The therapeutic endpoint is unclear for HBeAg-negative precirrhotic patients. Treatment is often continued indefinitely, but may be stopped in those who achieved HBsAg loss. Preliminary data from one small study suggest that treatment can be stopped in selected patients who maintain viral suppression for 3-5 years. These data have not, however, been validated.[21]

For patients who had decompensated liver disease or cirrhosis, lifelong treatment is recommended because of concerns about fatal flares when treatment is discontinued. Treatment may be stopped, however, in selected patients with compensated cirrhosis who have lost HBsAg or have completed an adequate duration of consolidation therapy after HBeAg seroconversion (in those who were previously HBeAg positive) provided they are closely monitored and treatment reinstituted in the presence of viral rebound or ALT elevation. This recommendation is supported by studies that demonstrate regression of cirrhosis in patients with maintained viral suppression after 3-5 years of NUC therapy.[22]

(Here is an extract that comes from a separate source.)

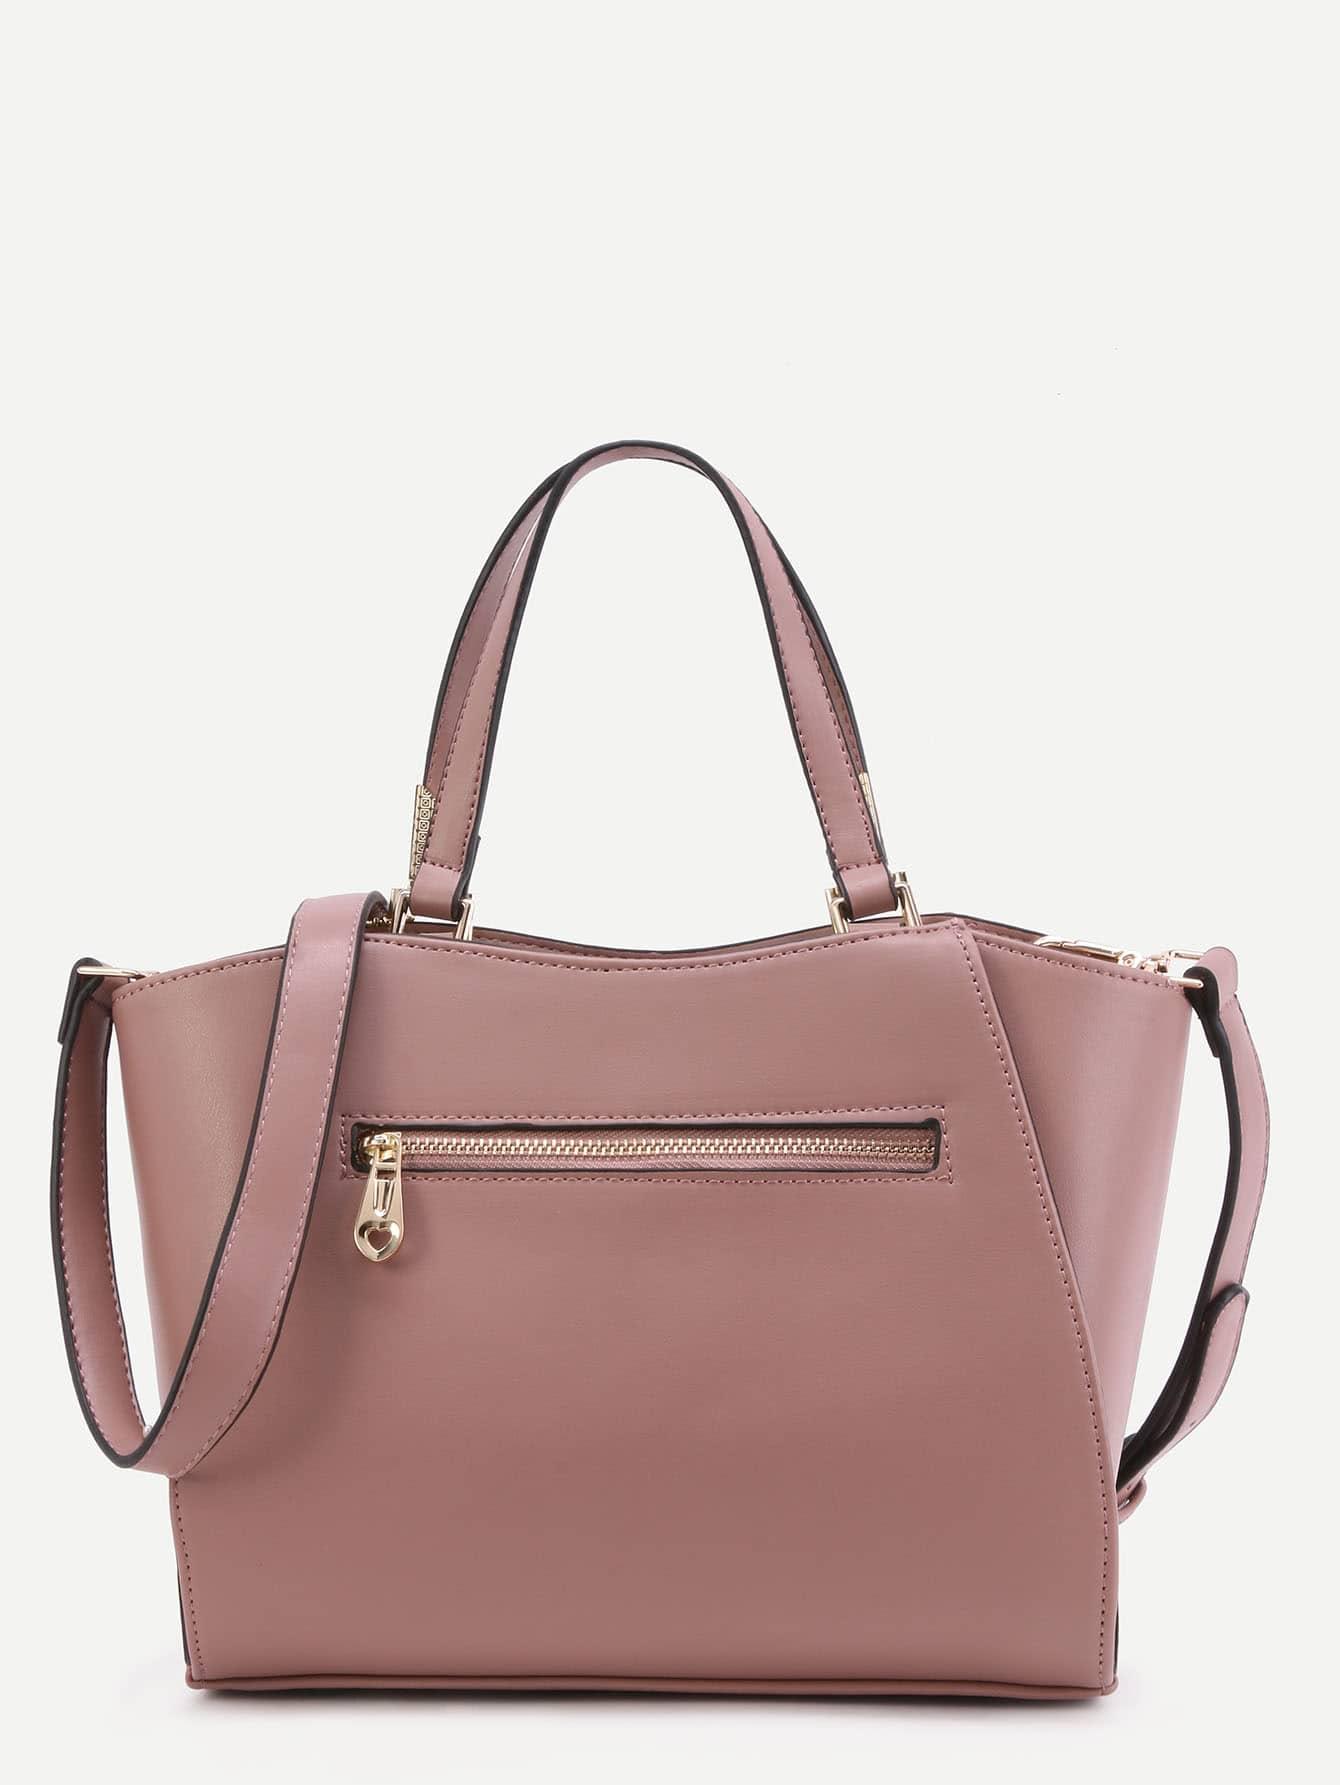 bag160928907_2
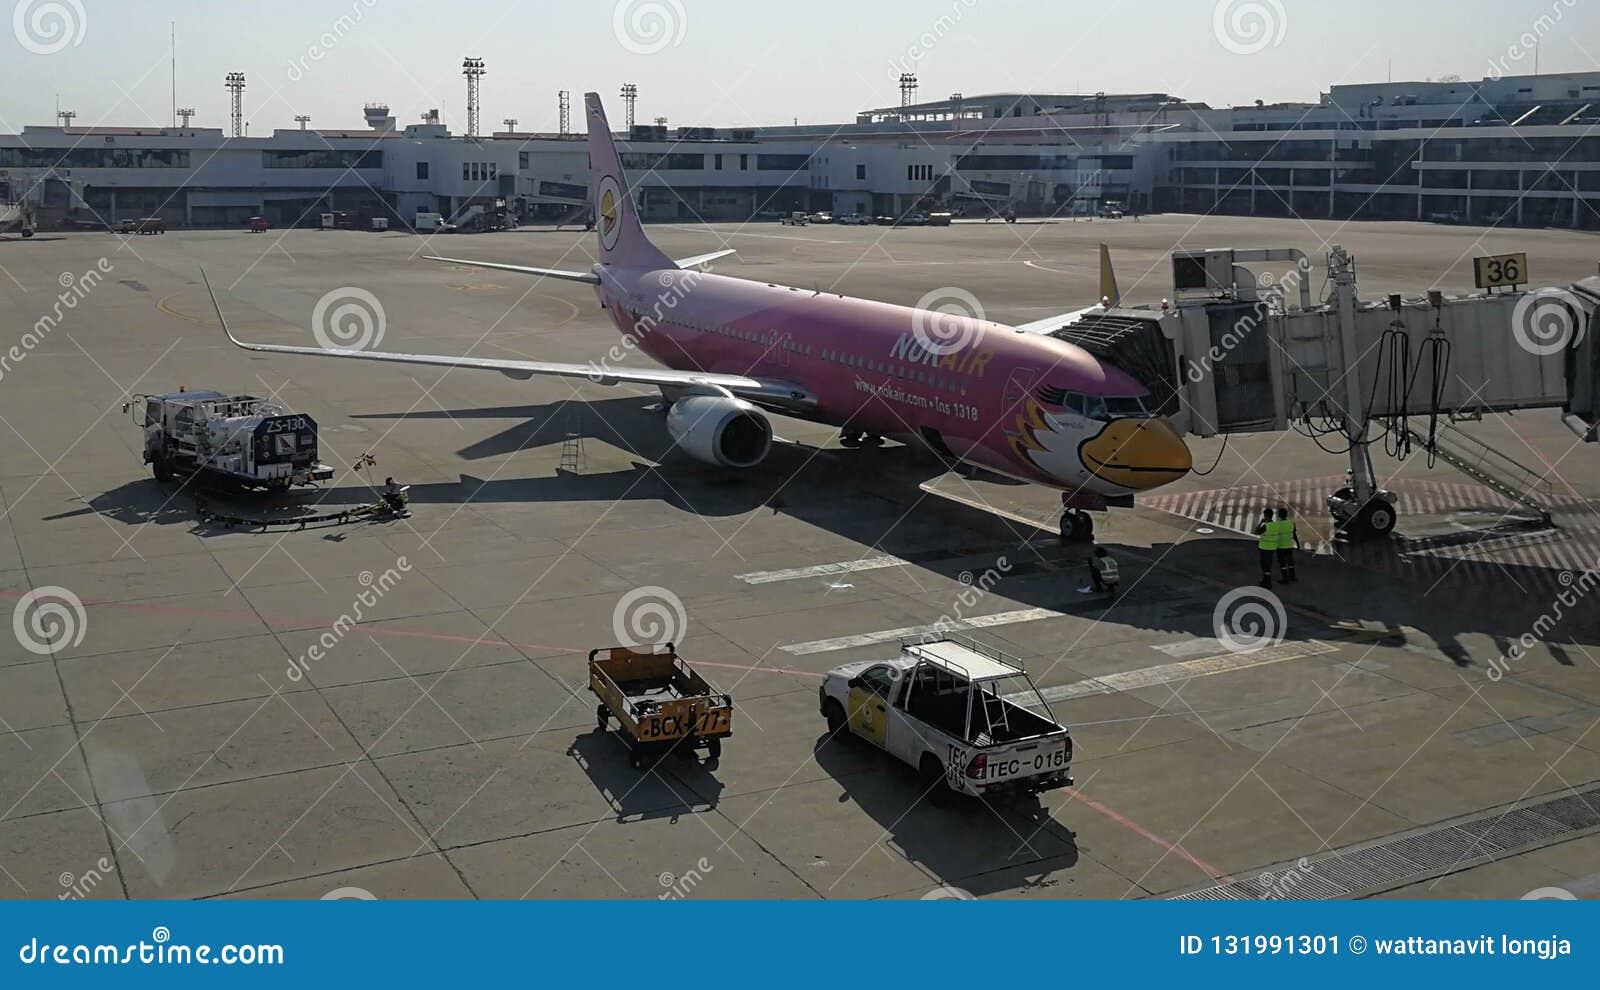 Nokair på porten i Don Maung Internationnal Airport, Thailand

Although it has been suggested that patients with inadequate or slow decline in HBV DNA during the first 12-24 weeks of NUC monotherapy should receive an additional NUC, this approach was derived from studies of lamivudine and telbivudine. Studies of entecavir and tenofovir (which have high genetic barriers to resistance) found that HBV DNA levels continued to decline in patients with slow initial response, and rates of drug resistance were low in patients who remained on the same treatment.[9,23]

Summary

Decisions regarding when to start treatment, which therapies to use, and when to stop treatment must take into consideration not only viral or disease factors, but also individual patient circumstances and preferences to achieve optimal results.